:: What you should do ::
Repeat the data that follows in full. Do not include the pictures.

:: Dataset excerpt ::
/---

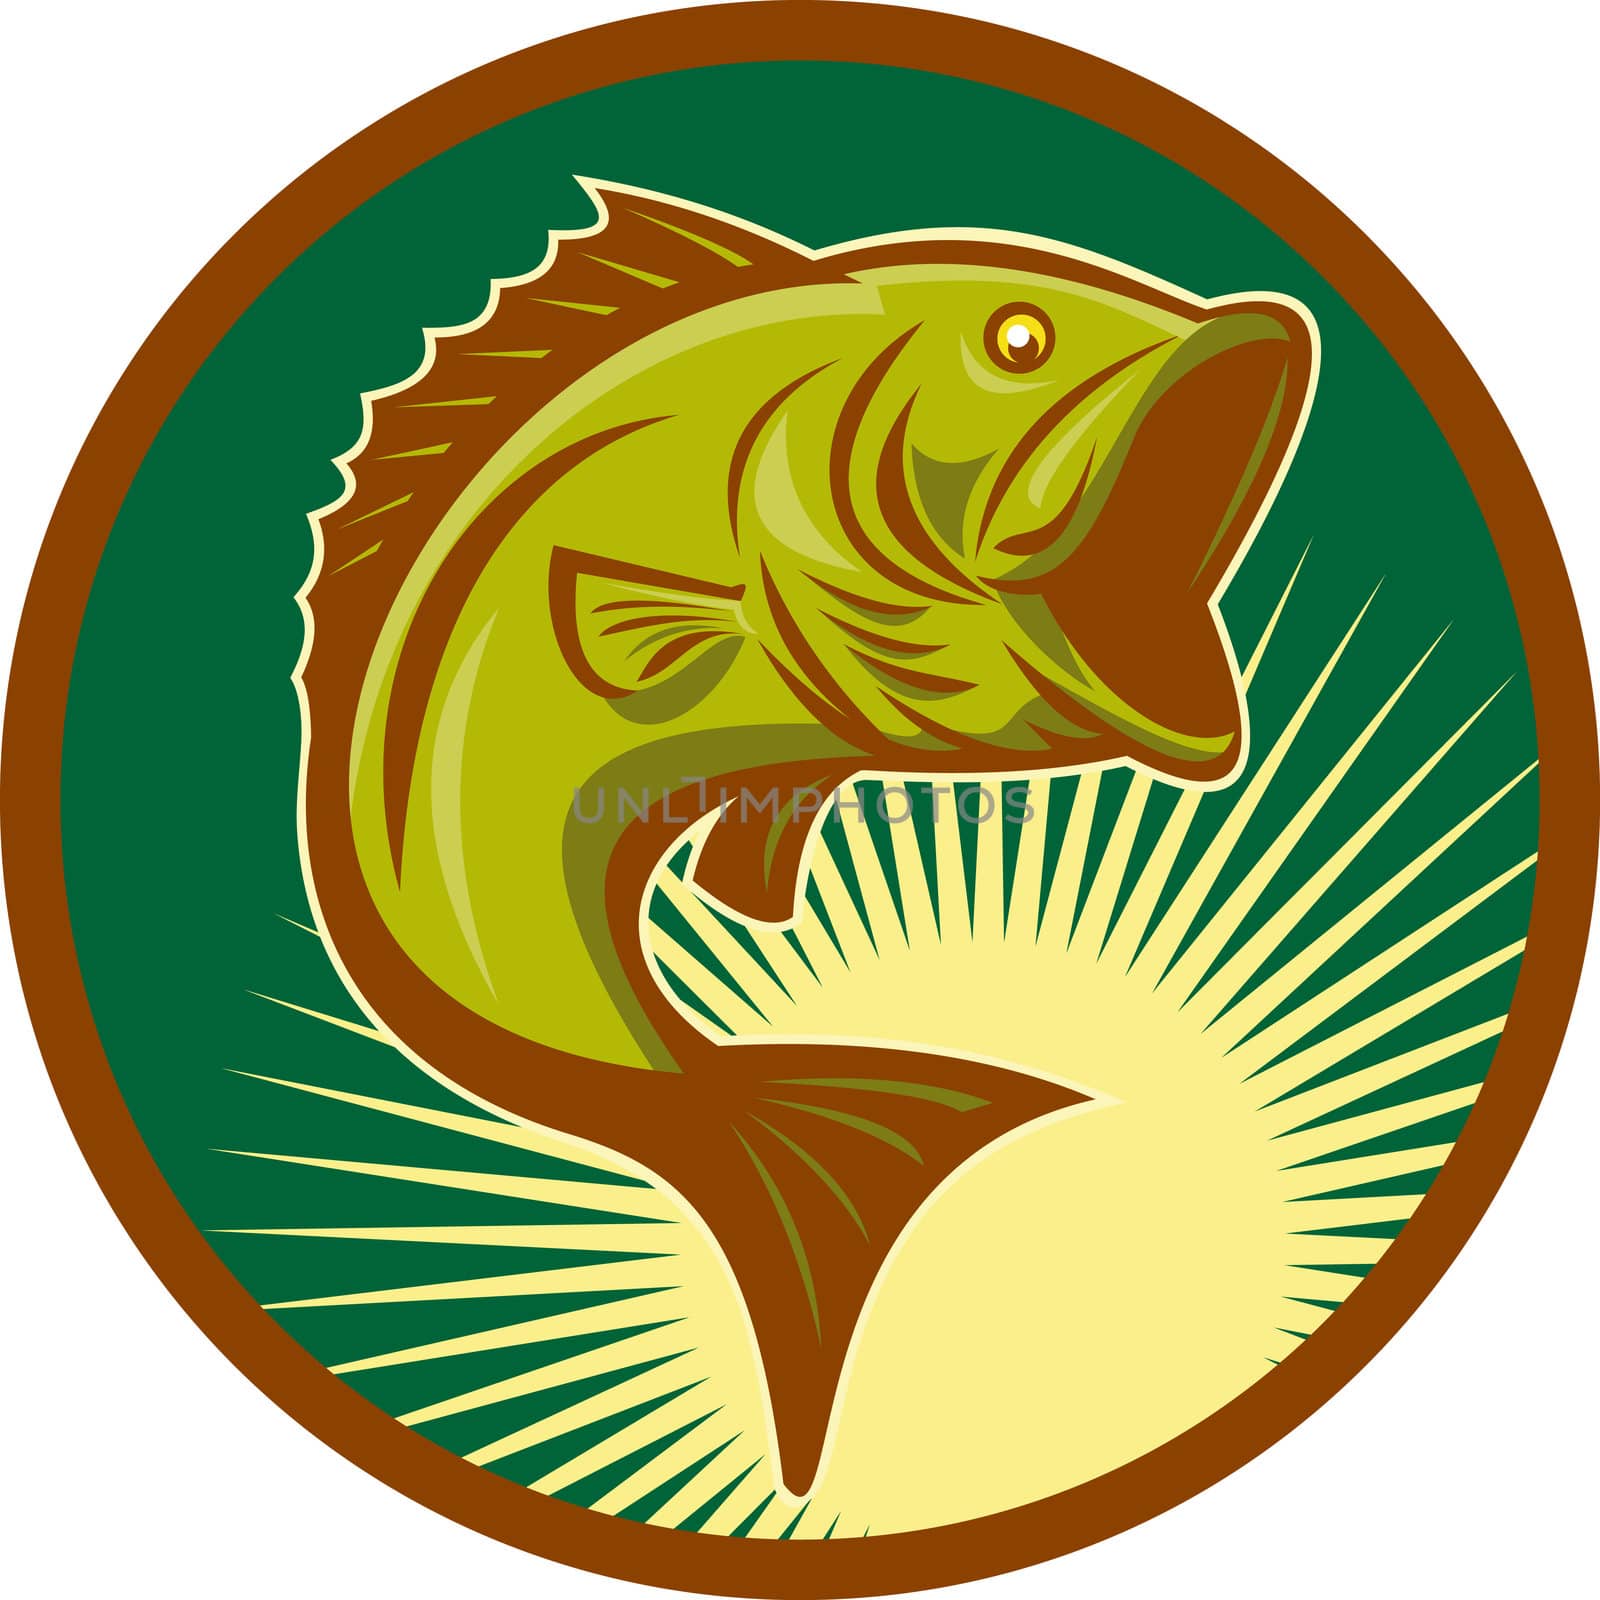 illustration of a largemouth bass fish jumping set inside circle with forest green background done in retro style
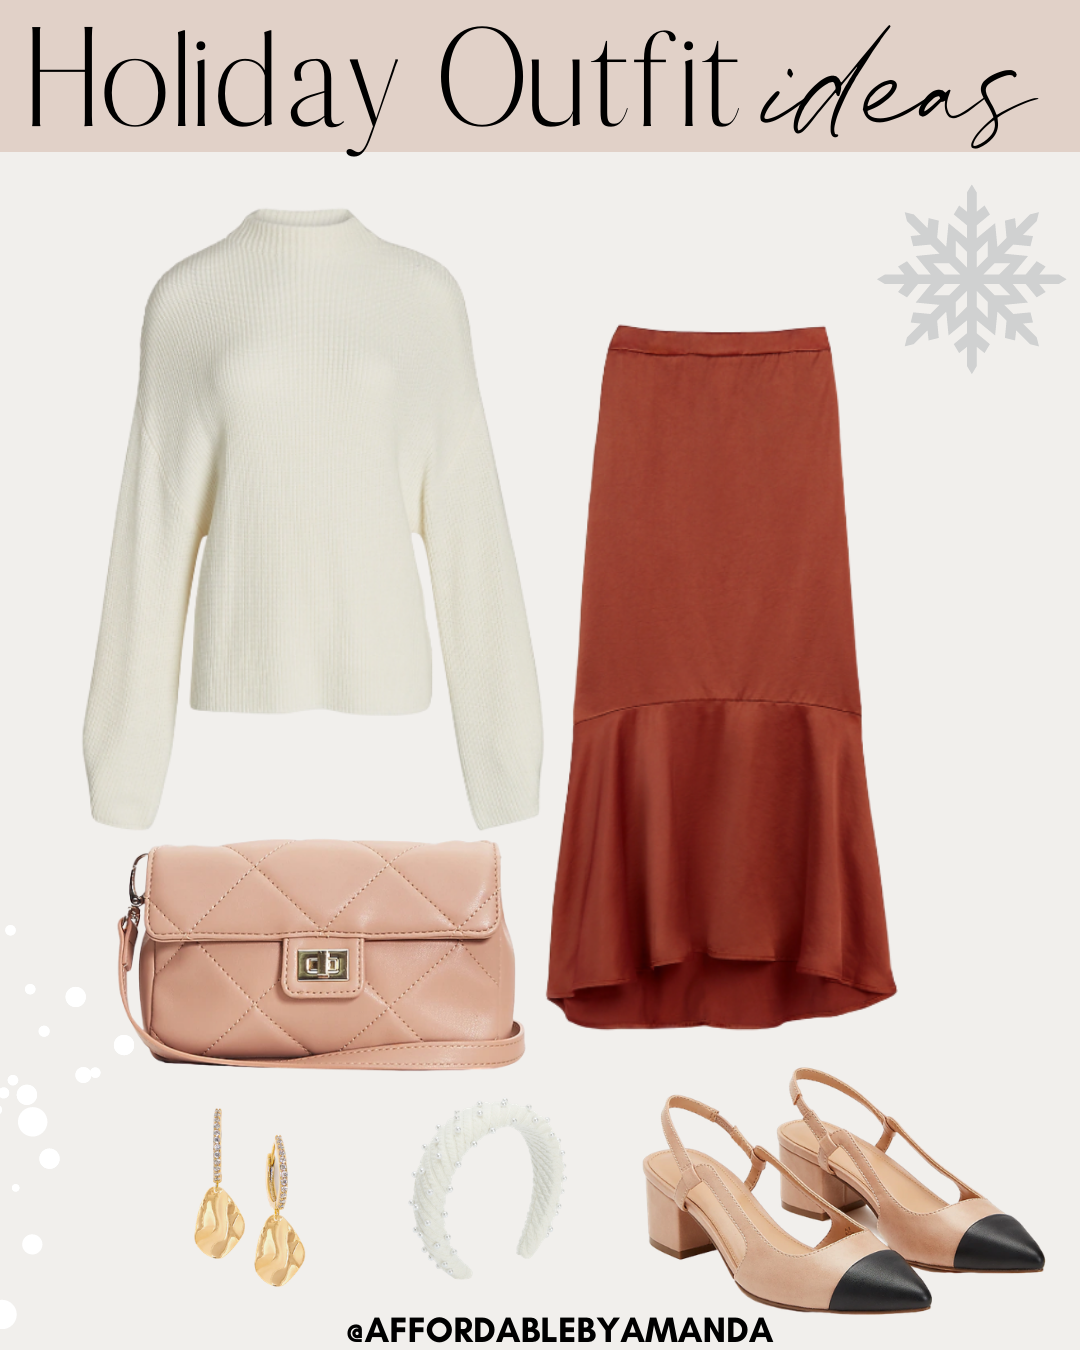 20 Holiday Outfit Ideas for 2020 - Holiday Fashion Trends 2020 - Best Holiday Outfits
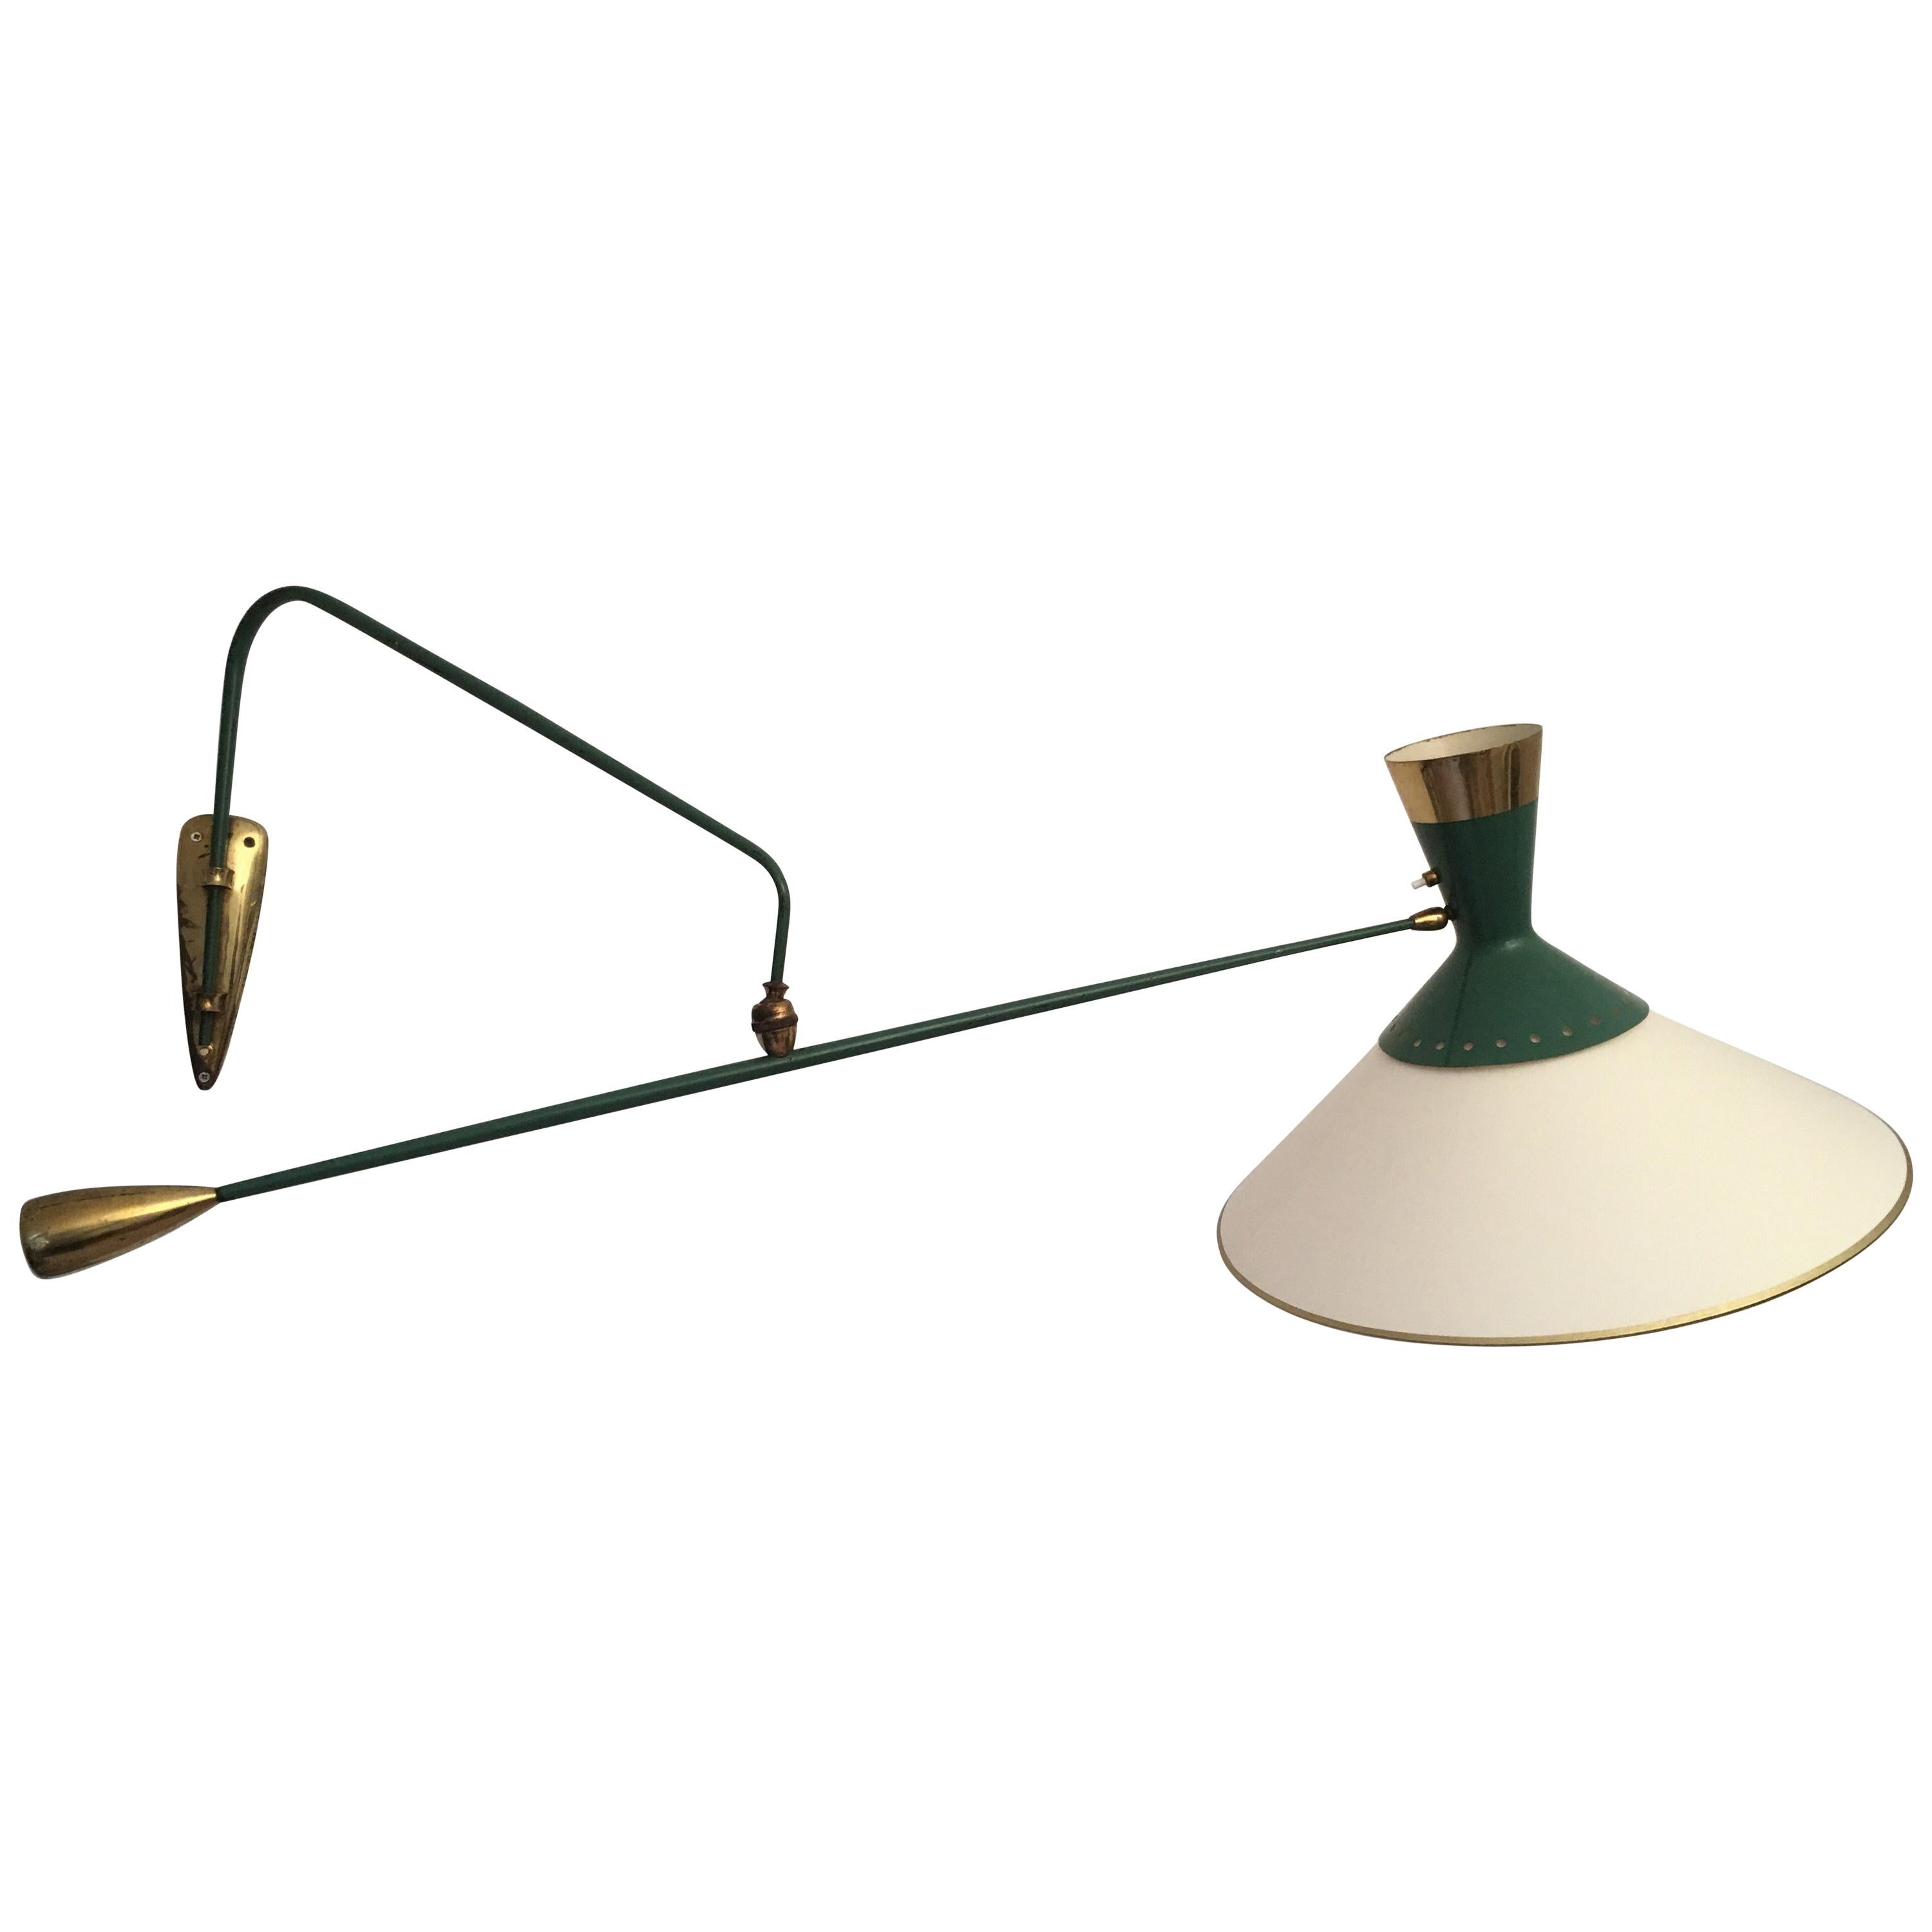 Arlus Green and Gilt Counter Balance Swing Arm Wall Lamp, French 1950s For Sale

\---

:: Task response ::
 illustration of a largemouth bass fish jumping set inside circle with forest green background done in retro style
 20 Holiday Outfit Ideas for 2020 - Holiday Fashion Trends 2020 - Best Holiday Outfits
 Arlus Green and Gilt Counter Balance Swing Arm Wall Lamp, French 1950s For Sale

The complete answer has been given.